Insurance trainees are merely fed a truckload consuming number scheme by their company bosses. Amazingly, these trainees are brainwashed to believe that the numbers are true and their careers end or both.
What’s the difference between insurance trainees, and sheep? Sheep will follow a leader who protects them from harm. A leader is also a guide for insurance trainees. Their leader makes them lose their way and encourages them to jump off of cliffs. Why does the sales manager not change the pattern after seeing it repeatedly? When some of his trainees go astray, he can easily find more insurance trainee shepherds. Remember your leader never considers your logic. He will accept only his logic and the logic of the insurance company.
Insurance agents are required to participate in the following number games:
1. Create a 100-name list. Before you sign your contract, this list must be completed. It must contain 100 names of family members, friends, and associates who are willing to sign your contract. Agent logic: Don’t bother with people you don’t know or have the money or health to buy. Driving time and giving out your out of the can presentation are two to three hours. Sleep is not an option as rejection and tension buildup are difficult to overcome.
2. Complete 50 phone conversations daily. Agent Logic: A minimum of 4 hours on the phone may get you one appointment. Or, it might be an easy appointment with a lonely person. Forcible appointment prospects are quick to disappear just before your appointment. Rescheduling can often lead to a second no-show. Rarely will you find yourself in the right place at exactly the right time.
3. Weekly schedule 8 appointments. Agent logic: If the manager is able to make 8 appointments, that would be amazing. There will be no shows. There will be many objection-stopping interviews. What percentage of sales actually are being made? Are you also writing sufficient weekly premiums to meet your contract needs?
These numbers and many others will not make professional sense. Right. You entered the business with the intention of becoming a professional. Why are you part-time phone solicitor and part time wild goose “lead chaser?

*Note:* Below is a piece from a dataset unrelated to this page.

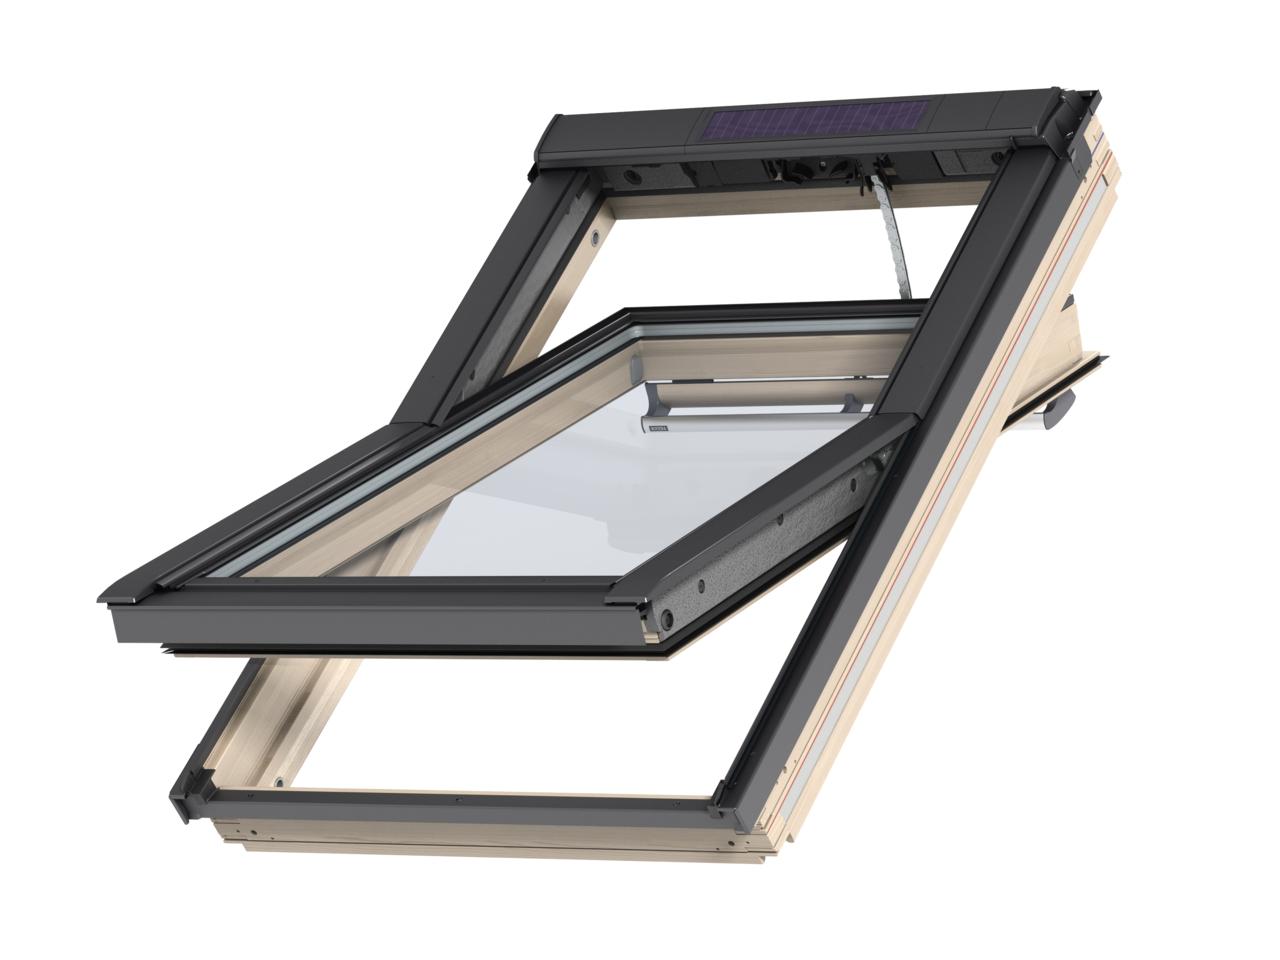 VELUX Elektricky ovládané okno GGL 306830 Solar rozměr: MK06 78x118 cm
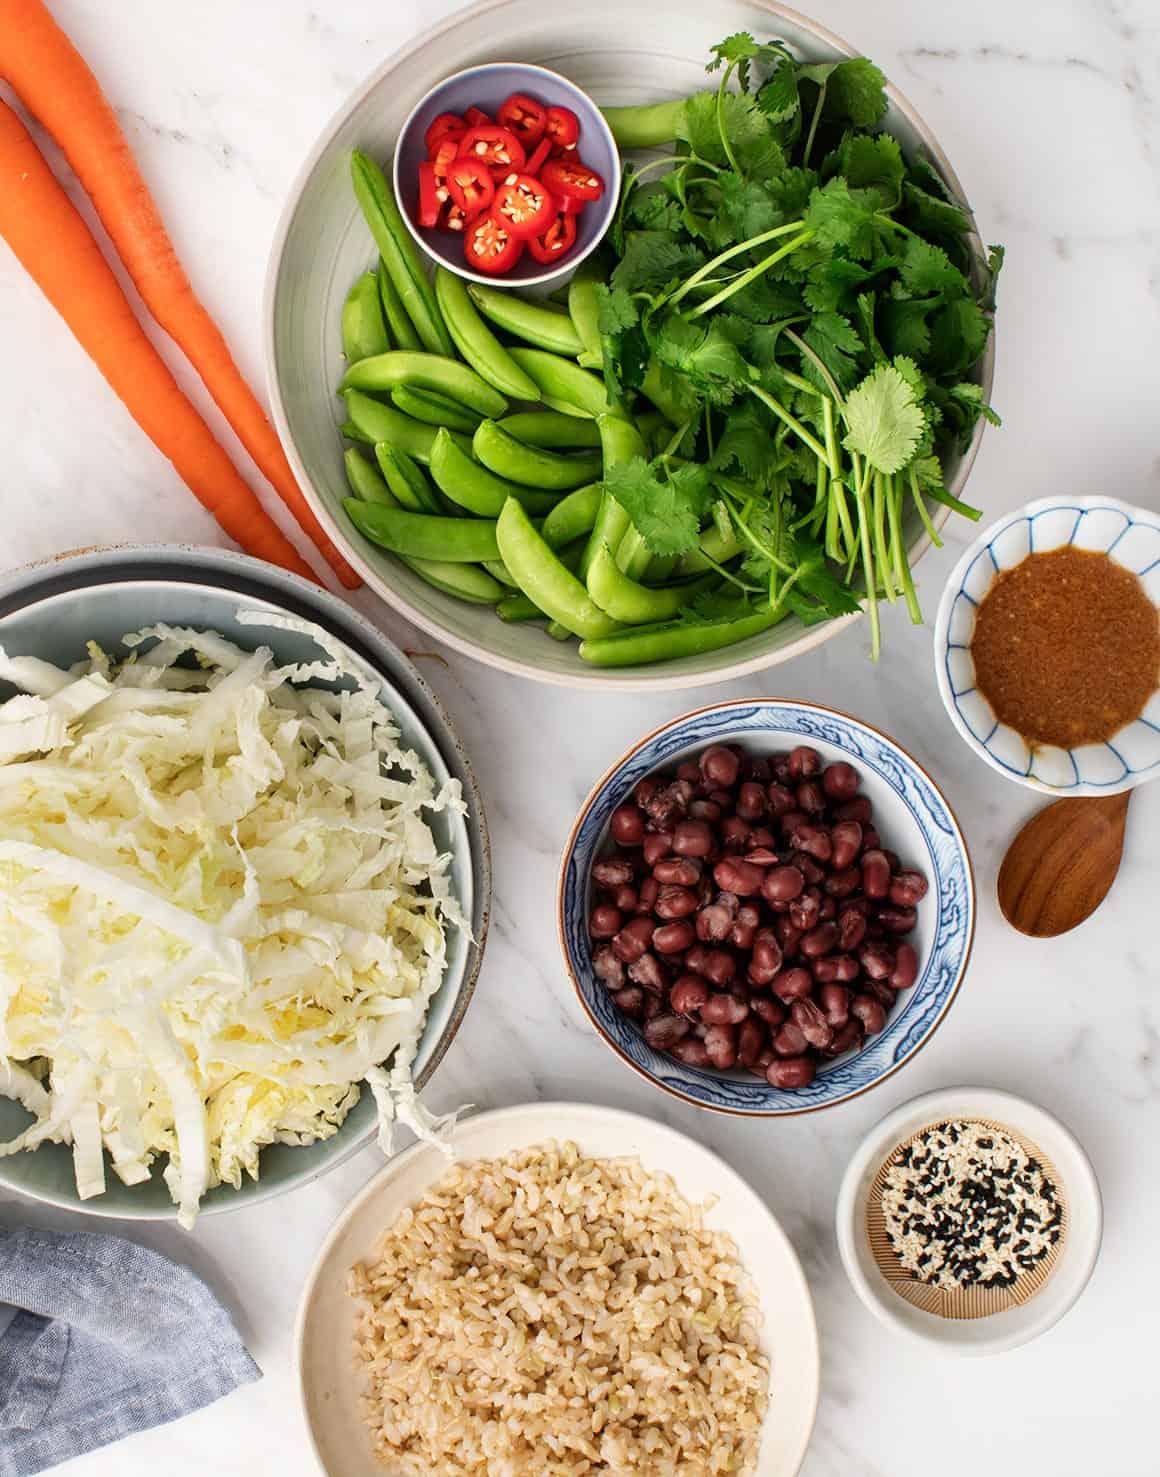 Adzuki beans, veggies, and rice in bowls

Sales managers are often the ones who want you to do your best while they rest theirs. You will see sales magically when you work harder. Number mazes never seem to bring financial rewards. This is enough of the cheesy, stinky sticky way. The trainee route is not recommended for any sales professionals in your office.
It’s time to recognize that quality is what matters . Quality always trumps quantity. 250 calls can result in 8 weak appointments that fail to hold but end with only 2 objection-overcoming sales credits of $400.00. The office insurance professional might make 10 calls and then go to 3 appointments before closing the week with $2,000 worth of commissions.
Once you have cleared your mind, you will realize that quality and time are both important in the insurance industry. Only one number should be your focus. This number is your closing ratio. This is the percentage of sales you make after factoring in full presentations. STOP: Agent Logic Required. Increased number of presentations doesn’t necessarily increase sales. While you can speak more and fight more objections, it is possible to make less money.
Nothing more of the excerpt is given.